The ‘hybrid startup’ combines the best of corporate with entrepreneurship. Here’s how
By Nathan Furr and Kate O’Keeffe
Compared with startups, established corporations have many resources and capabilities that ought to give them a substantial lead: products, customers, operations, licenses, distribution, marketing, and capital. But too often a couple of misfits with a laptop manage to steal a corporation’s lunch. Why? Because corporations lack one critical ability: the entrepreneurial muscle to take an idea from small to big, from zero to one. If its idea is radical enough and sound enough, a start-up can disrupt an incumbent’s value chain.
Leaders try to respond by creating their own corporate ventures, but those typically lack entrepreneurial qualities because they are staffed by people trapped inside the regime. Or they create an arm’s-length spinout to make space for innovativeness, but then the spinout struggles to access the very resources that would give it an advantage.

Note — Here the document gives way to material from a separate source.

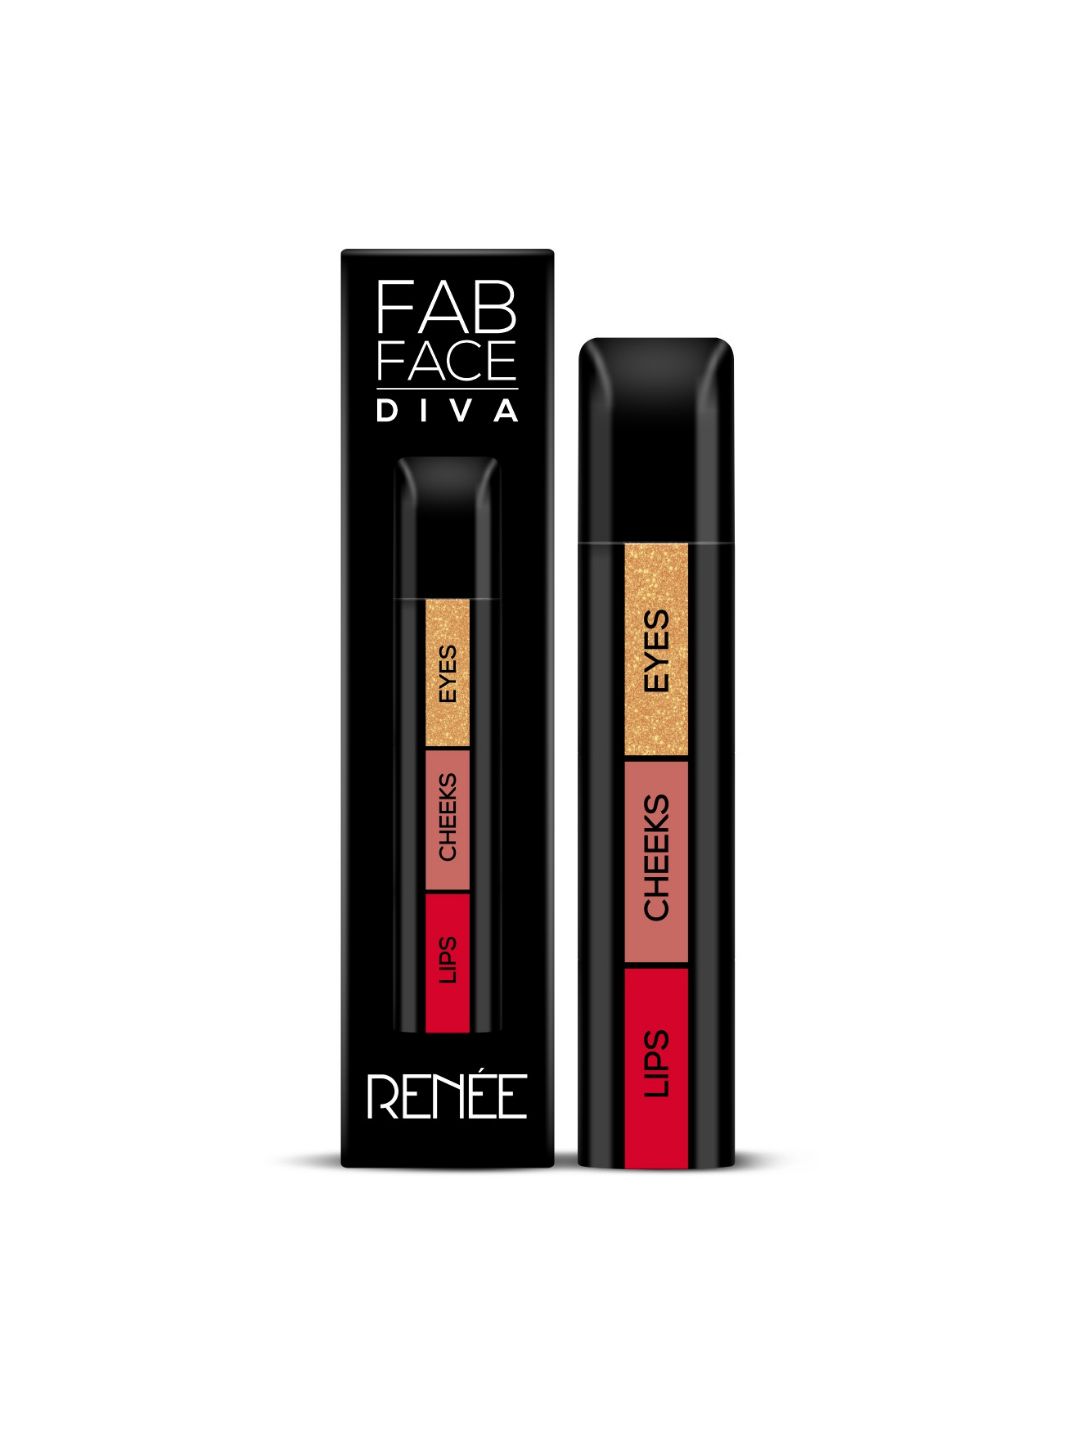 RENEE Fab Face For Lips Cheeks Eyes - Diva Price in India

Enter the hybrid startup, which combines the assets of a corporation and the entrepreneurial capability of a start-up.
In this article we will highlight some big companies that have unlocked the value of their assets, defended their markets, and become digital leaders by successfully creating hybrid start-ups. With the help of BCG X’s business-building function (formerly BCG Digital Ventures), we have examined more than 200 such ventures created over the past nine years. They include new businesses created by Commonwealth Bank of Australia (Cheddar), Airbus (UP42), First American (Endpoint), AIA (Snackbox), Mercedes-Benz (RepairSmith), Volkswagen (Heycar), and UPS (Ware2Go). Of the ventures in the BCG X sample, 152 are still active, 14 were sold, and 38 were shut down.